Il y avait déjà la nécessité de faire la distinction entre les opposants aux vaccins (ou antivaccins) et les gens qui sont juste « hésitants » ou anxieux. Il faudra peut-être ajouter aussi à la liste les « apathiques du vaccin ».
Certaines personnes ne se soucient tout simplement pas du fait d’être ou pas vaccinées, écrivent deux chercheurs dans un texte d’opinion publié en juin dans le Journal de l’Association médicale américaine. Et si les deux auteurs tiennent à ajouter cette « troisième catégorie », c’est parce que ces « apathiques » nécessitent à leurs yeux une approche de communication différente des « hésitants ».
« Les campagnes de santé publique ont d’abord, et avec raison , mis l’accent sur la nécessité d’atteindre les personnes anxieuses face à la sécurité des vaccins, ou face aux effets secondaires », écrivent-ils. Mais cette façon de voir les choses a fait oublier que, dans tout processus social impliquant une « innovation », de quelque forme que ce soit, « la moitié du marché prend d’habitude du temps à faire un choix ».
Autrement dit, la personne anxieuse a réfléchi aux vaccins et à ce qu’elle perçoit comme des risques. Alors que la personne apathique n’est simplement pas intéressée à y penser, ayant d’emblée conclu que ça ne la concernait pas.
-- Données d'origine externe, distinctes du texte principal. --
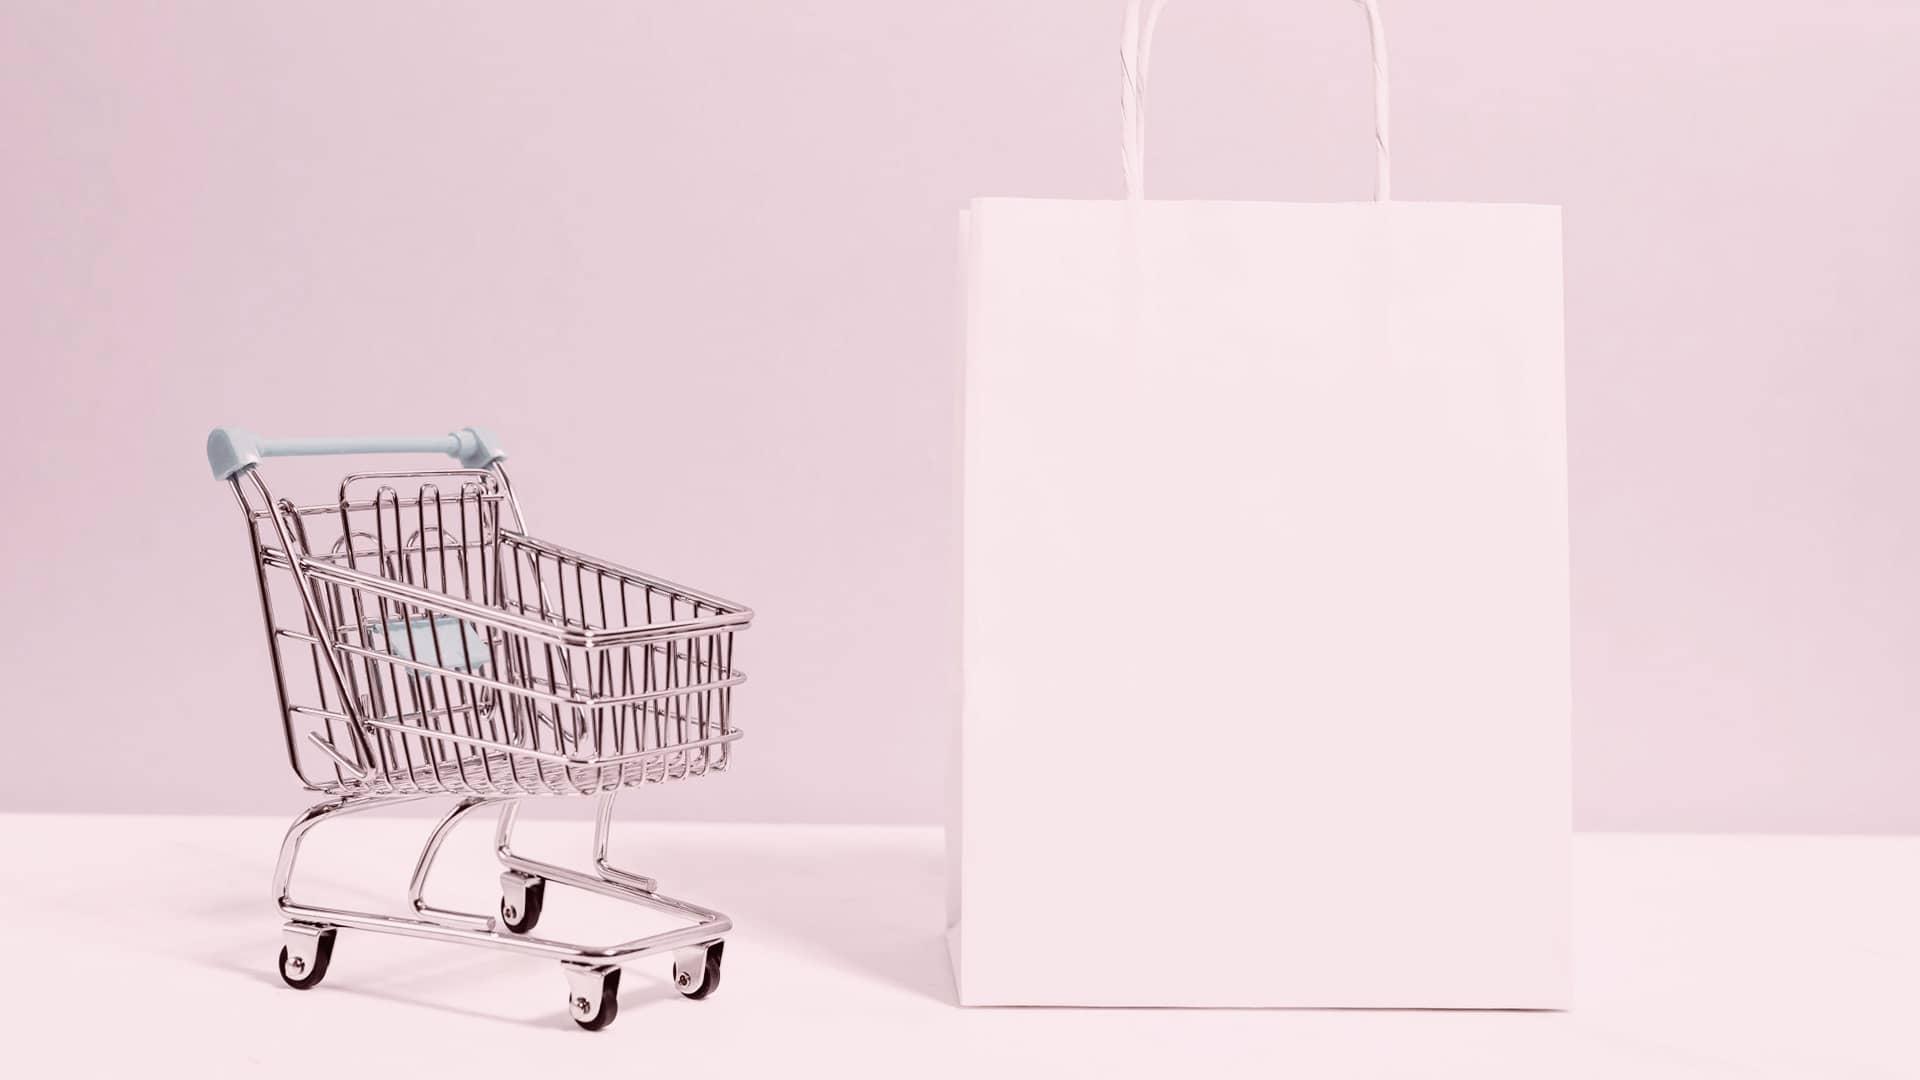 ¿Qué tendencias del ecommerce tienes que tener en cuenta en 2021?

Les deux auteurs, dont l’une, Stacy Wood, est à l’école de gestion de l’Université de Caroline du Nord et l’autre, Kevin Schulman, est au département de médecine de l’Université Stanford, rappellent la proportion de la population américaine qui n’est toujours pas vaccinée (près de 40% lorsqu’ils ont écrit leur texte, un peu plus de 30% en date du 5 juillet) et estiment que c’est l’apathie qui peut être un sentiment dominant chez un grand nombre de ces gens, plutôt que l’hésitation: c’est particulièrement évident chez les moins de 25 ans, qui n’y voient pas une priorité, mais ce serait tout aussi présent chez d’autres couches de la population, qui regardent les chiffres sur les cas et les hospitalisations et en concluent que le danger est passé. En langage savant, « les populations caractérisées par l’apathie ont encore à faire l’investissement psychologique requis pour être décrites comme hésitantes ».
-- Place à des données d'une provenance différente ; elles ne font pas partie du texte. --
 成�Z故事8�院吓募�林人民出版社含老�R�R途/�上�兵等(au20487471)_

Ça pourrait être une mauvaise nouvelle, considérant que les stratégies de communication actuelles ont été pensées pour des personnes hésitantes ou anxieuses. Mais la bonne nouvelle est que des stratégies pour amener des gens à faire cet « investissement psychologique requis » sont connues depuis longtemps dans le monde du marketing. Ce qui fonctionne avec eux, explique Stacy Wood, c’est de l’information « rapide et facile à traiter ». Par exemple, des émotions, des slogans, des images, sont des informations qui sont traitées rapidement.
Par ailleurs, ces gens — la plupart des gens, en fait, dans la vie de tous les jours — vont traiter rapidement une information qui réfère à un gain personnel immédiat (d’où l’intérêt des cadeaux offerts sur certains lieux de vaccination, voire des loteries) ou à une perte immédiate (par exemple, le risque de ne pas pouvoir aller à l’école en personne à la rentrée, ou de ne pas pouvoir voyager). En comparaison, ils laisseront de côté une information qui réfère à un gain à long terme moins tangible, comme la réduction du taux d’infection.